Question

A nucleus at rest undergoes a decay emitting an $\alpha$particle of de-Broglie wavelength. $\lambda = 5.75 \times 10^{-15}$ m. If the mass of the daughter nucleus is 223.610 amu and that of the $\alpha-$ particle is 4.002 amu. Determine the total kinetic energy in the final state. Hence obtain the mass of the parent nucleus in amu. $1\, amu \, = 931.470Mc V/c^2$

Answer 1

(a) Given mass of a-particle $m = 4.002$ arau and mass of daughter nucleus,
$M = 223.610 amu,$
de-Broglie wavelength of $\alpha-$particle,
$\lambda = 5.75 \times 10^{-15}m$
So, momentum of a-particle would be
$p = \frac {h}{\lambda} = \frac {6.63 \times 10^{-34}}{5.76 \times 10^{-15}} kg - m/s$
or $\, \, \, \, \, \, \, p = 1.151 \times 10^{-19} kg-m /s $
From law of conservation of linear momentum, this
should also be equal to the linear momentum of the
daughter nucleus (in opposite direction). Let $K_1$ and $K_2$ be the kinetic energies of $\alpha -$ particle and
daughter nucleus.
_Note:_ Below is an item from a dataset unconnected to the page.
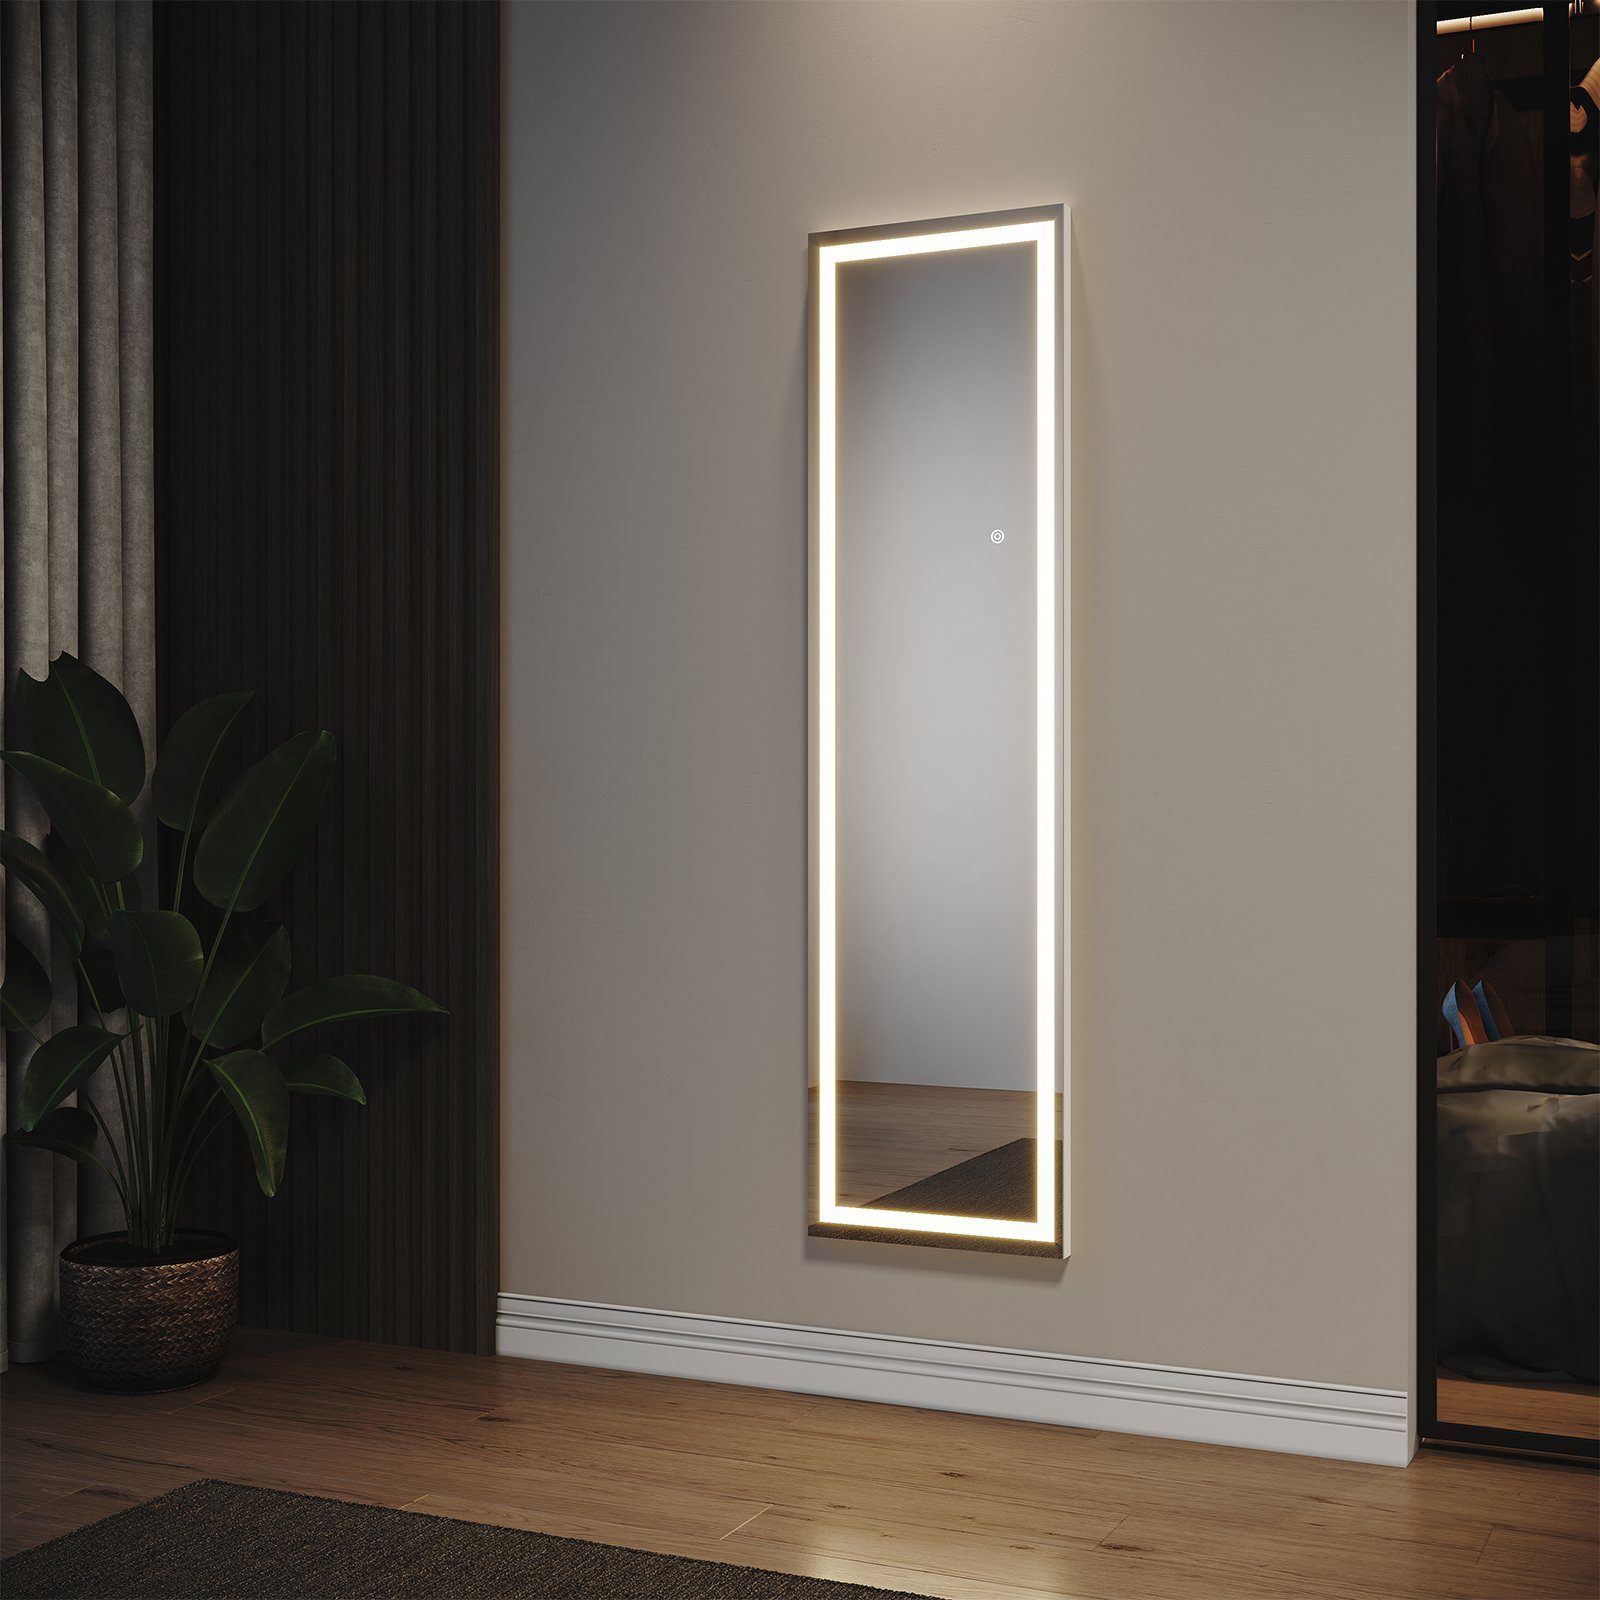 SONNI Ganzkörperspiegel »Wandspiegel mit LED Beleuchtung,in 3  Farben,BxH:400x1500mm, Modern« online kaufen | OTTO

Then total kinetic energy in the final
state is
$K = K_1 + K_2 = \frac {p^2}{2m} + \frac {p^2}{2M} = \frac {p^2}{2} \bigg(\frac {1}{m} + \frac{1}{M}\bigg)$
$K = \frac {p^2}{2}\bigg(\frac {M+m}{Mm} \bigg)$
$ 1 \, amu = 1.67 \times 10^{-27} kg$
Substituting the values, we get
$K = 10^{-12} J$
$K = \frac {10^{-12}}{1.6 \times 10^{-13}} = 6.25 MeV$
or $ \, \, \, \, \, \, \, \, K = 6.25 MeV.$
(b) Mass defect, $\Delta m = \frac {6.25}{931.470} = 0.0067 amu$
Therefore, mass of parent nucleus = mass of $\alpha;-$ particle
$ \, \, \, \, \, \, \, = (4.002 + 223.610 + 0.0067)$ amu
$ \, \, \, \, \, \, \, \, = 227.62$ amu
Hence, mass of parent nucleus is 227.62 amu.